Local Message Transmission
[0058] Referring again to the preferred embodiment illustrated in
FIG. 3, the process of sending a local message from an origin, or
source, VFB to a destination VFB--in this example an adjacent VFB
to the right--begins with the processor (303) of the source VFB
performing a constructive write access to local messenger register
LRIGHTA in the messenger register file (301). The register index
portion of LRIGHTA indicates the specific register to be written
within the adjacent VFB to the right. This is followed by the
processor (303) performing a constructive write access to local
messenger register LRIGHTW with the control or data to be
transferred into the destination VFB. As a result of these two
constructive accesses, the presence bits associated with the
LRIGHTA and LRIGHTW registers have been asserted. In the preferred
embodiment, performing a constructive access to the LRIGHTW
register also causes the presence bit associated with the LRIGHTA
register to be asserted concurrently. This is done to facilitate
repetitive message transfers without having to perform an
additional constructive access to the LRIGHTA register for each
transmission.
[0059] The control logic (304) of the source VFB, upon detecting
that the presence bits associated with the LRIGHTA and LRIGHTW
registers are asserted, transfers the Register Index, Force and
Interrupt portions of the LRIGHTA register to the local messenger
port (201) that exits the right side of the source VFB and enters
the left side of the destination VFB (203). Referring to FIG. 4,
the signals of a local messenger port are shown in greater detail.
Thus messenger port (400) is a more detailed view of each of local
messenger ports (310, 201, 202, 203 and 204).

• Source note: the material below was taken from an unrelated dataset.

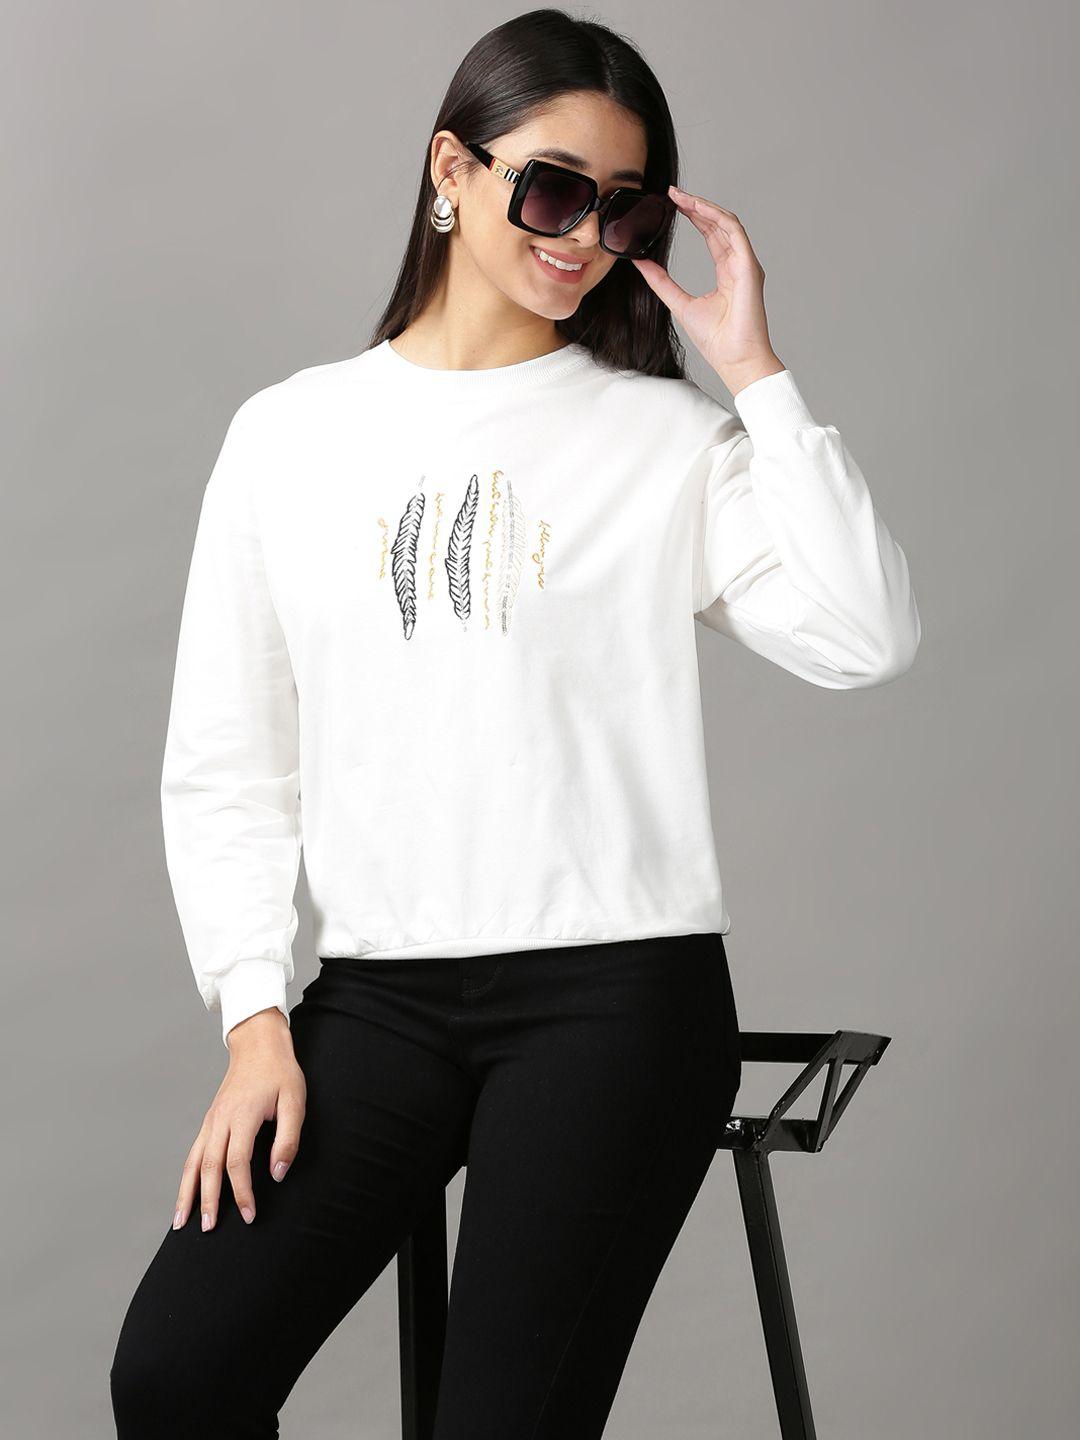 showoff-women-white-&-black-embroidered-top
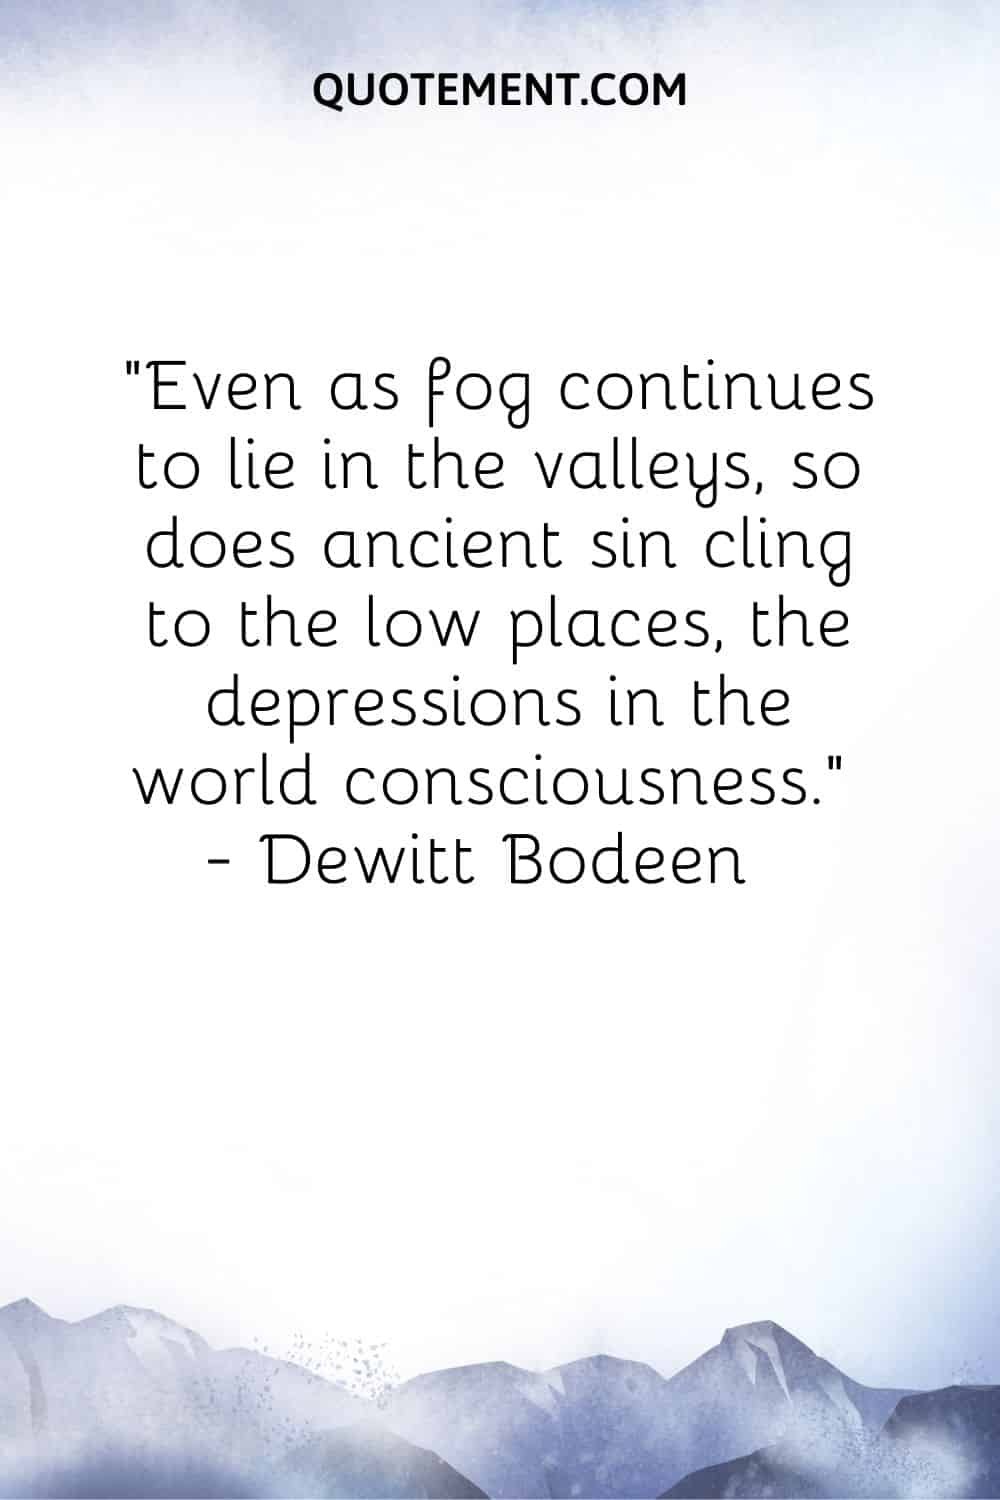 Even as fog continues to lie in the valleys, so does ancient sin cling to the low places

The signals of these
port consist of a Req line (410), Register Index bus (425), a
Presence line (435), Force line (415), Interrupt line (420), Data
bus (430) and Ack line (440). One set of these lines is fed to an
adjacent VFB by an output port (402) and the other identical set is
fed from the same adjacent VFB into an input port (401). Thus, each
port is a bi-directional connection to an adjacent VFB that
utilizes discrete paths. A source VFB will transfer out of the VFB
through the output port (402) that feeds in the direction of the
destination VFB, to a destination VFB that transfers in using the
input port (401) fed from the direction of the source VFB. In this
example - a local transmission to the right--the source VFB uses
the local port (201) to communicate with the local port (203) of
the destination VFB.
[0060] Referring to the local messenger port (400), Req (410) is
driven by a source VFB, and while asserted, the Register Index
(425), Interrupt (420) and Force lines (415) of the port are
assured valid and propagated to the adjacent VFB. Req remains
asserted until the destination VFB has completed the transfer,
signaled by the assertion of the Ack line by the destination VFB.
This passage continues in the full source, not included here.